Fix wikiextractor Python 3.13 Regex Error | Generated by AI
The error you’re encountering is due to a compatibility issue in the wikiextractor package with Python 3.13’s stricter handling of regular expression inline flags. Specifically, the (?i) flag in the regex pattern is being interpreted as a global flag, but it’s not positioned at the very start of the expression, leading to the re.PatternError.

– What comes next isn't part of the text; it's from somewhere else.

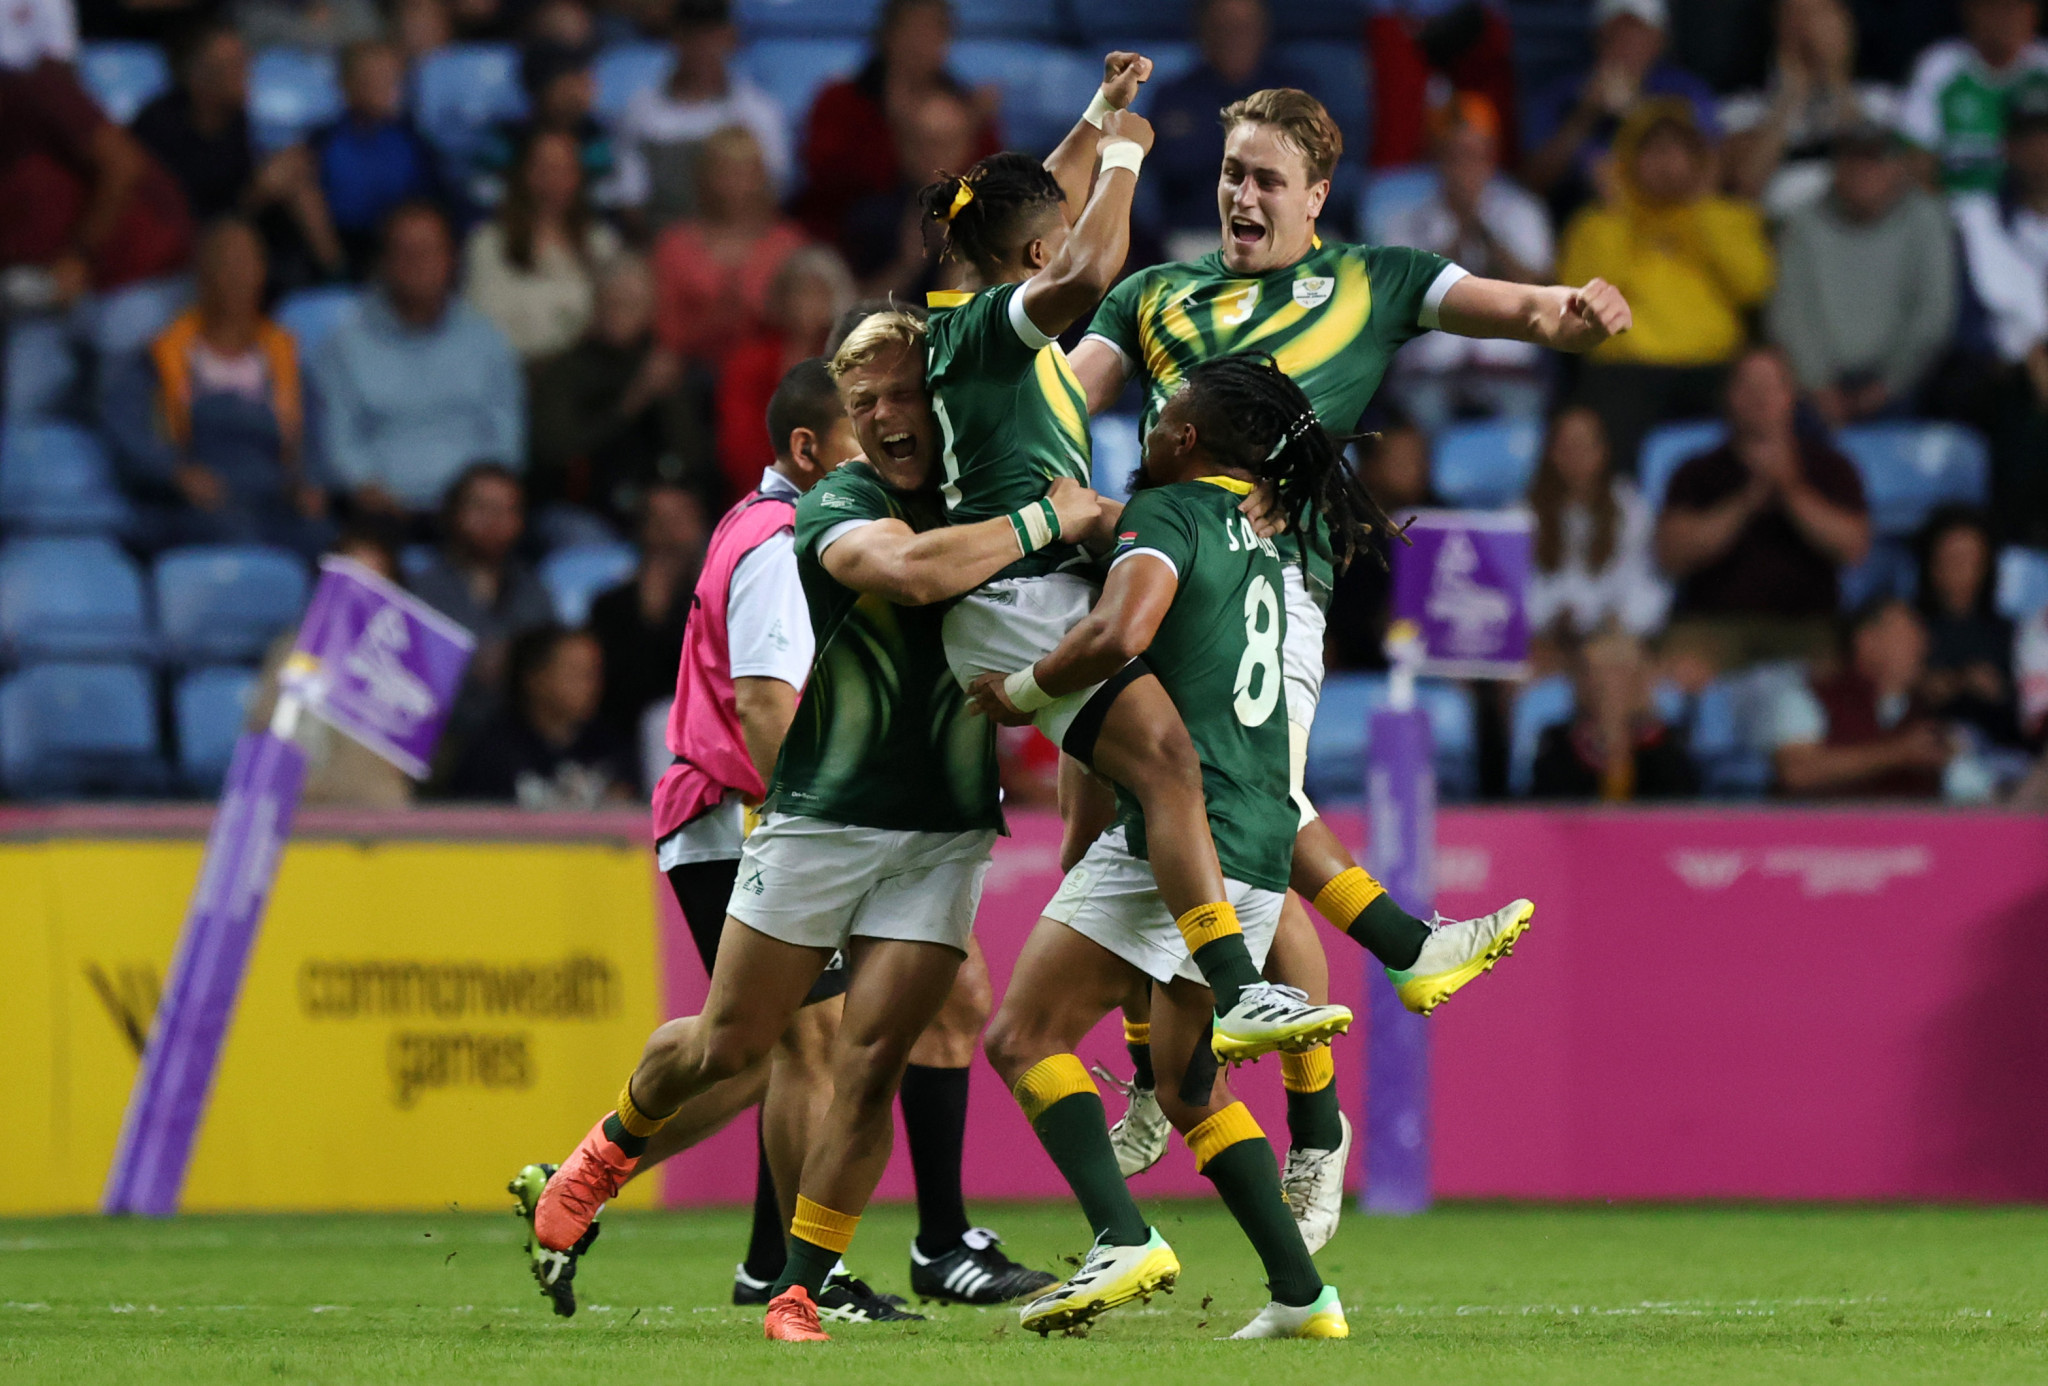 South Africa defeated Fiji in the final of the men's rugby sevens to claim gold ©Getty Images

To fix this, edit the file /home/lzw/.local/lib/python3.13/site-packages/wikiextractor/extract.py and modify line 378 (or the nearby ExtLinkBracketedRegex definition) as follows:
- Original:
'\\[(((?i)' + '|'.join(wgUrlProtocols) + ')' + EXT_LINK_URL_CLASS + r'+)\s*([^\\]\x00-\x08\x0a-\x1F]*?)\\]', - Updated:
'\\[(((?i:' + '|'.join(wgUrlProtocols) + ')' + EXT_LINK_URL_CLASS + r'+)\s*([^\\]\x00-\x08\x0a-\x1F]*?)\\]',
This adds a : after (?i, changing it to a local inline flag (?i:...) that applies only to the protocol matching group, which resolves the parsing error.
Additionally, the SyntaxWarning: invalid escape sequence '\\[' warnings are from non-raw strings containing escapes that Python 3.13 treats more strictly (though they don’t cause the main failure). You can ignore them for now, or update those strings to raw strings (e.g., r'\\[') in the same file if they bother you.
After editing, rerun wikiextractor *.bz2. If the package is outdated, consider checking for updates via pip install --upgrade wikiextractor or using a virtual environment with an older Python version (e.g., 3.10) as a workaround.